# Keltec-No More Warranty for second owners



## Firefishvideo (Jul 1, 2010)

http://www.keltecweapons.com/news/warranty-update-second-owner-responsibilities

The craptastic front sight on my sub2k is moving ( I guess they locktite them on!) .....found this info.(no warranty repairs for second owners of keltec products)... Repair might be pricey! Guess this diminishes the value of used keltecs!:thumbdown:


----------



## chevelle427 (Feb 6, 2011)

im told a HP frt sight will fit it


----------



## Fanner50 (Oct 25, 2011)

It's a cheap front sight anyway. I wish mine would fall off.


----------



## chevelle427 (Feb 6, 2011)

what i saw it takes to get it off it aint just going to fall off:no:

the guy cut the plastic off then used a heat gun to remove the sleeve from the barrel


----------



## Capt Ron (Aug 12, 2008)

Firefishvideo said:


> http://www.keltecweapons.com/news/warranty-update-second-owner-responsibilities
> 
> The craptastic front sight on my sub2k is moving ( I guess they locktite them on!) .....found this info.(no warranty repairs for second owners of keltec products)... Repair might be pricey! Guess this diminishes the value of used keltecs!:thumbdown:


You should send it back to Keltec as the original owner...hmmmmm
who bought the gun online from Pennsylvania.


----------



## Firefishvideo (Jul 1, 2010)

chevelle427 said:


> what i saw it takes to get it off it aint just going to fall off:no:
> 
> the guy cut the plastic off then used a heat gun to remove the sleeve from the barrel


Well It supprised me too, but I'm no f-en liar so I guess it DID fall of. Smelled like hoppes cleaner when it came off, guess it desolved the glue.


----------



## Firefishvideo (Jul 1, 2010)

Fanner50 said:


> It's a cheap front sight anyway. I wish mine would fall off.

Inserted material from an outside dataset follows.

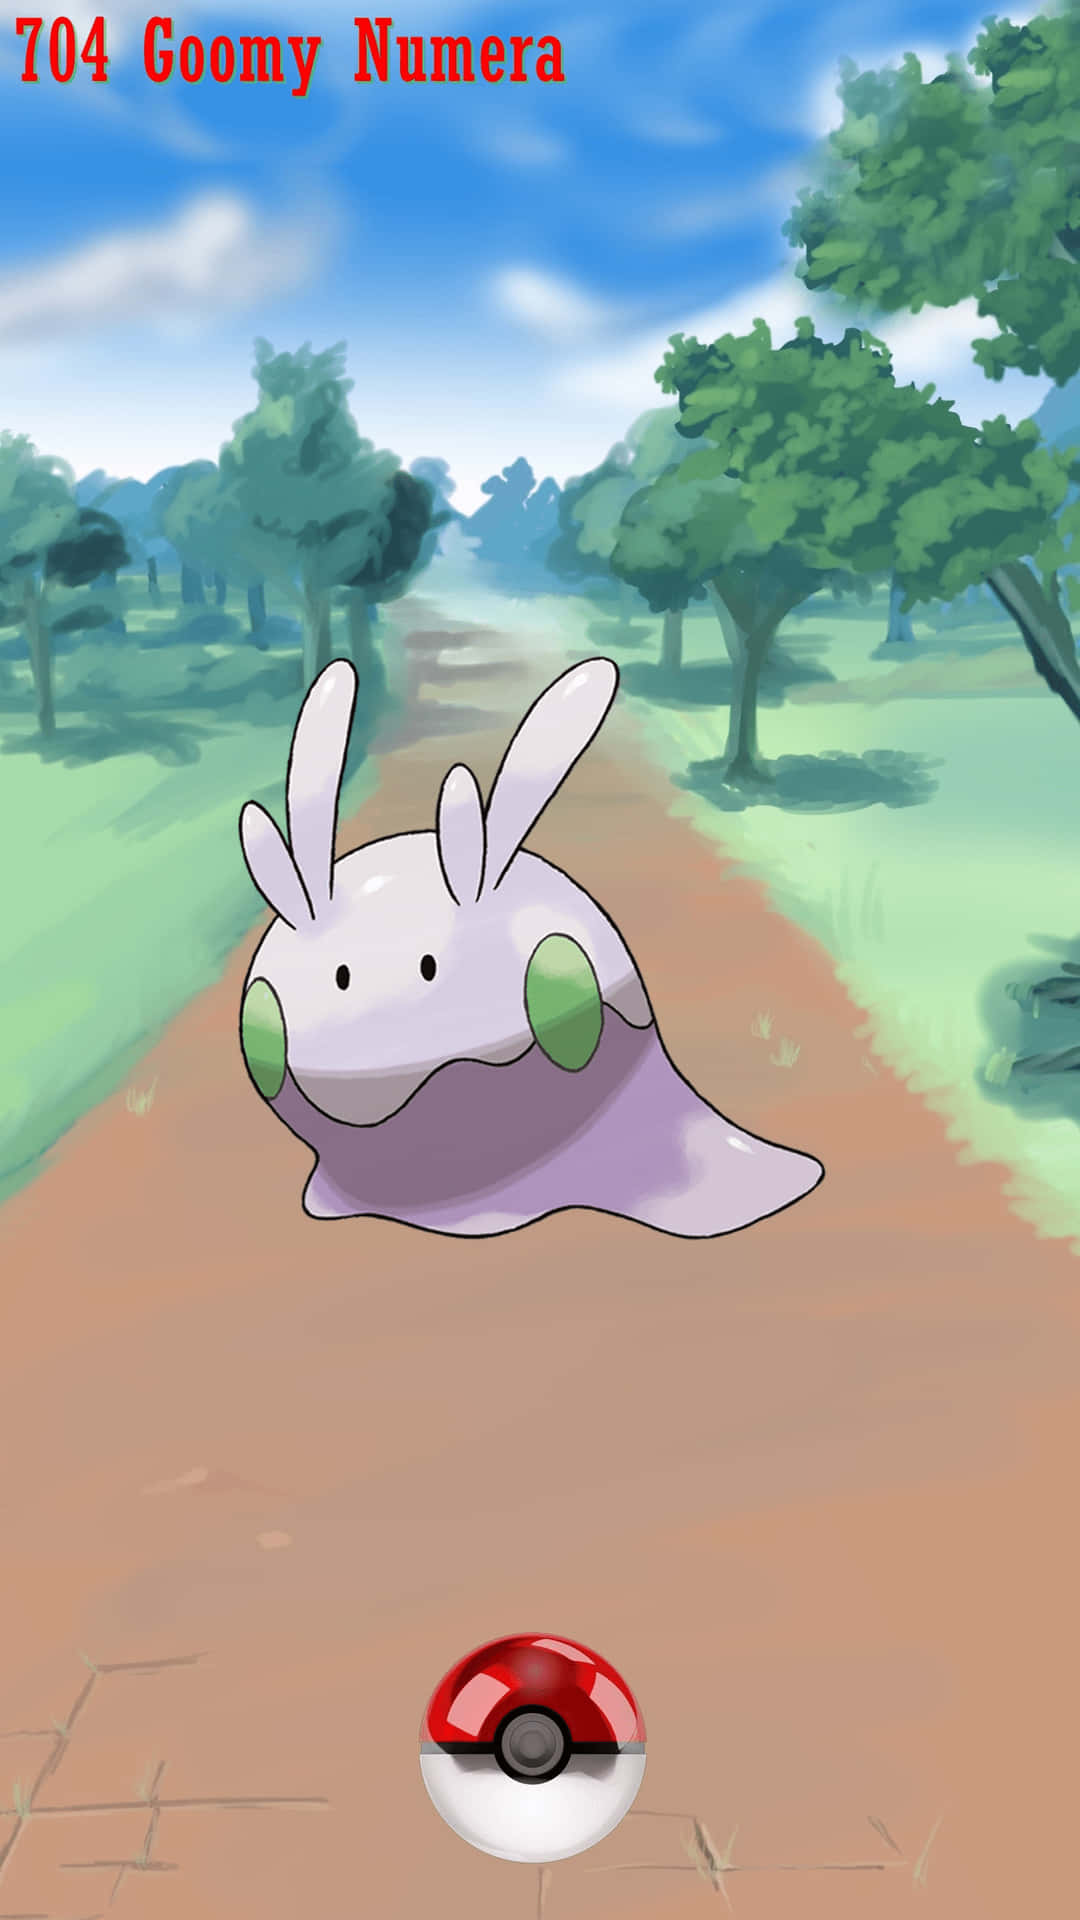 1. Image  A Goomy Gently Nestled in Its Poke Ball Wallpaper

 I guess I would soak it in hoppes cleaner/gun oil, should loosen it up pretty quickly, unless I just got a sh$ty glue job.


----------



## Firefishvideo (Jul 1, 2010)

http://www.pensacolafishingforum.com/f74/fixing-my-keltec-sub2k-100956/#post757122

This is the thread with pics, As you will see the sight is not cut or abused at all. Barrel wiped perfectly clean with just a dry cloth.


----------



## chevelle427 (Feb 6, 2011)

Firefishvideo said:


> Well It supprised me too, but I'm no f-en liar so I guess it DID fall of. Smelled like hoppes cleaner when it came off, guess it desolved the glue.



was not implying so :no:, just the video he had a hard time getting it off, i was going to remove mine till i saw the video then decided to just let it brake off then fix it


----------



## Firefishvideo (Jul 1, 2010)

Capt Ron said:


> You should send it back to Keltec as the original owner...hmmmmm
> who bought the gun online from Pennsylvania.


Thought of that, but it was a 6-8 week turn around as well! Guess thats what I get for cleaning my guns huh?:whistling:


----------